For security and compliance leaders, a private RAG offers several benefits:

  • Control of Data: Your documents never leave your encrypted storage or vector database.
  • Auditability: Retrieved chunks and citations can be logged for evidence or compliance.
  • Customization: You decide how documents are chunked, embedded, and retrieved.
  • Privacy by Design: Using Proton’s Lumo API keeps prompts and context end-to-end encrypted.
  • Regulatory Alignment: EU-hosted infrastructure and transparent handling satisfy GDPR and similar obligations.

How to Build a Private RAG with Lumo

Here’s a step-by-step overview using Lumo’s API.

1. Set up your vector store

Choose a store such as Pinecone, Qdrant, Weaviate, or PostgreSQL + pgvector. This will hold the embeddings of your documents.

2. Embed your documents

curl -X POST https://api.lumo.proton.me/v1/embeddings \
  -H "Authorization: Bearer YOUR_LUMO_API_KEY" \
  -H "Content-Type: application/json" \
  -d '{
        "model": "lumo-embed",
        "input": "Your document text…"
      }'

The returned vector can be upserted into your chosen store.

3. Retrieve relevant chunks

When a user asks a question, perform a similarity search in your vector store and select the top-k results (usually 3–5 snippets).

4. Assemble the augmented prompt

Context:
{chunk_1}
{chunk_2}
{chunk_3}
---
Question: {user_query}

5. Call the Lumo chat endpoint

curl -X POST https://api.lumo.proton.me/v1/chat/completions \
  -H "Authorization: Bearer YOUR_LUMO_API_KEY" \
  -H "Content-Type: application/json" \
  -d '{
        "model": "lumo-plus",
        "messages": [
          {"role":"system","content":"You are a helpful assistant that answers using the provided context."},
          {"role":"user","content":"[assembled prompt here]"}
        ],
        "max_tokens": 1024,
        "temperature": 0.2,
        "response_format": "citation"
      }'

This ensures the response is grounded in your data — and optionally includes citations.

6. Post-process as needed

Depending on your use case, you might:

  • Store Q&A pairs in your knowledge base.
  • Enforce tone or style (for example, executive summary vs. technical detail).
  • Chain calls to summarize long documents within token limits.

For prototyping or lightweight projects, you can skip the vector store and let Lumo use its built-in web_search tool. This acts as a managed RAG service:

  1. Lumo queries Brave Search.
  2. It embeds the top results.
  3. It generates an answer with citations.

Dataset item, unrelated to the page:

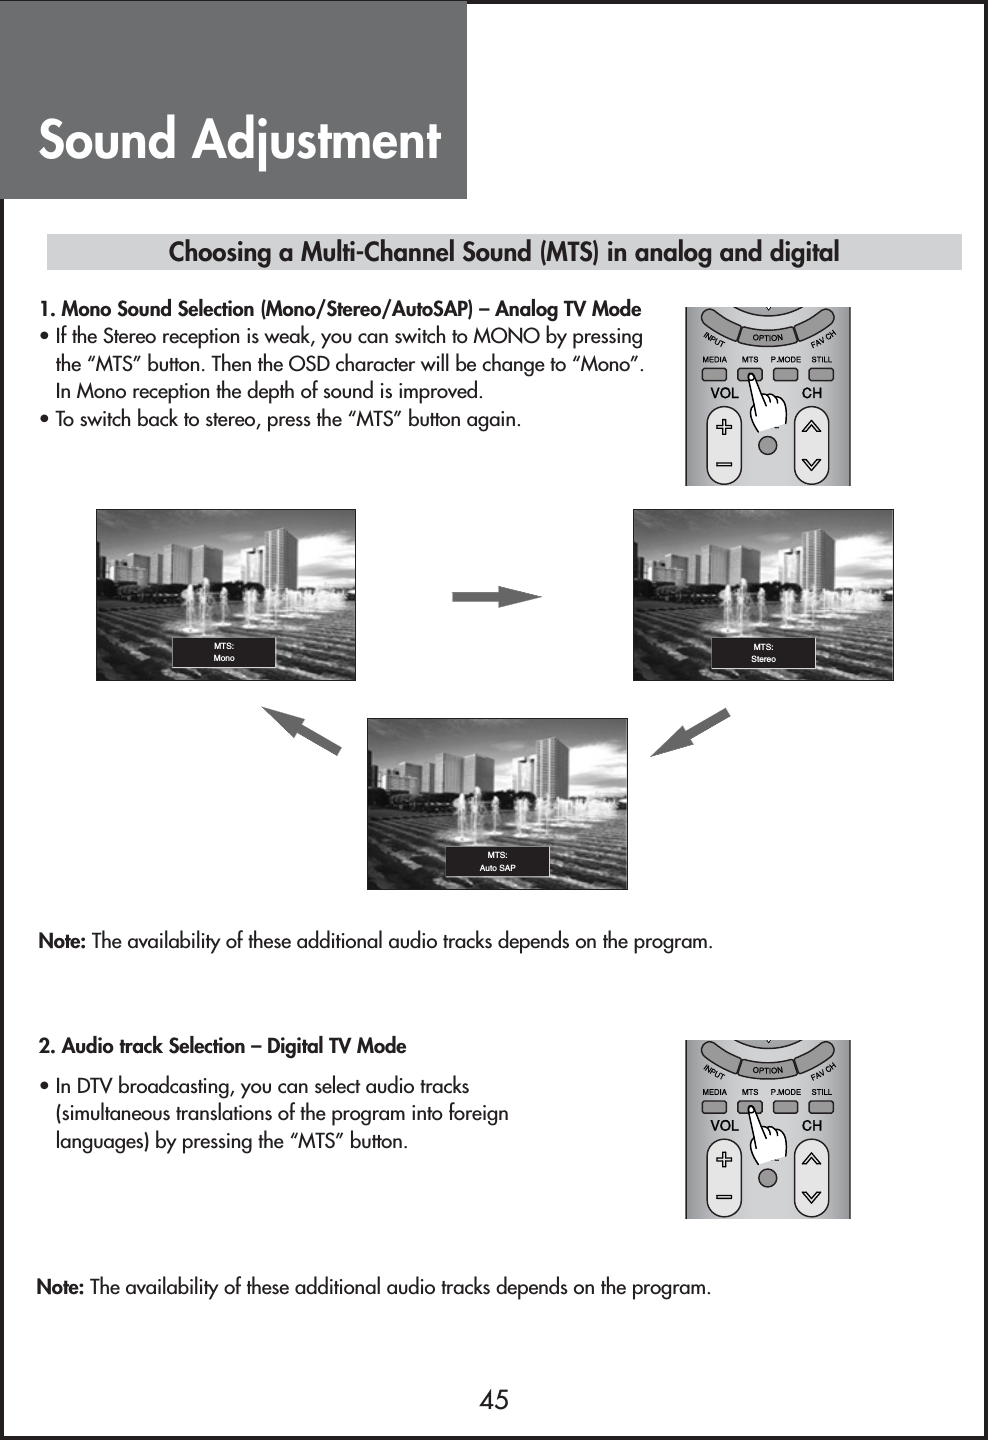 Sound Adjustment45Note: The availability of these additional audio tracks depends on the program.• In DTV broadcasting, you can select audio tracks(simultaneous translations of the program into foreignlanguages) by pressing the “MTS” button.Choosing a Multi-Channel Sound (MTS) in analog and digital1. Mono Sound Selection (Mono/Stereo/AutoSAP) – Analog TV Mode• If the Stereo reception is weak, you can switch to MONO by pressingthe “MTS” button. Then the OSD character will be change to “Mono”.In Mono reception the depth of sound is improved.• To switch back to stereo, press the “MTS” button again.Note: The availability of these additional audio tracks depends on the program.2. Audio track Selection – Digital TV ModeMTS:MonoMTS:Auto SAPMTS:Stereo

Handy for rapid tests, though less controllable than a private store.


Things to Keep in Mind

Consideration Why it Matters
Rate limits 60 requests / min on Lumo Plus; higher with Visionary plans.
Token limits 8 K-token context per request; chain calls for larger docs.
Costs Subscription + token usage billing.
Compliance Encrypted, EU-hosted, GDPR-aligned.
Model routing Automatic — Lumo selects the best model for each query.

Closing Thoughts

RAG isn’t just a technical pattern — it’s a governance tool. It gives leaders confidence that AI systems are grounded in authoritative data and remain auditable. Proton’s Lumo makes this accessible while preserving privacy and regulatory alignment.

If you’re already using Proton services, Lumo is a natural way to extend that ecosystem into secure, AI-driven knowledge workflows. And if you’re exploring AI more generally, it’s a strong reminder that privacy-first design is possible — and worth insisting on.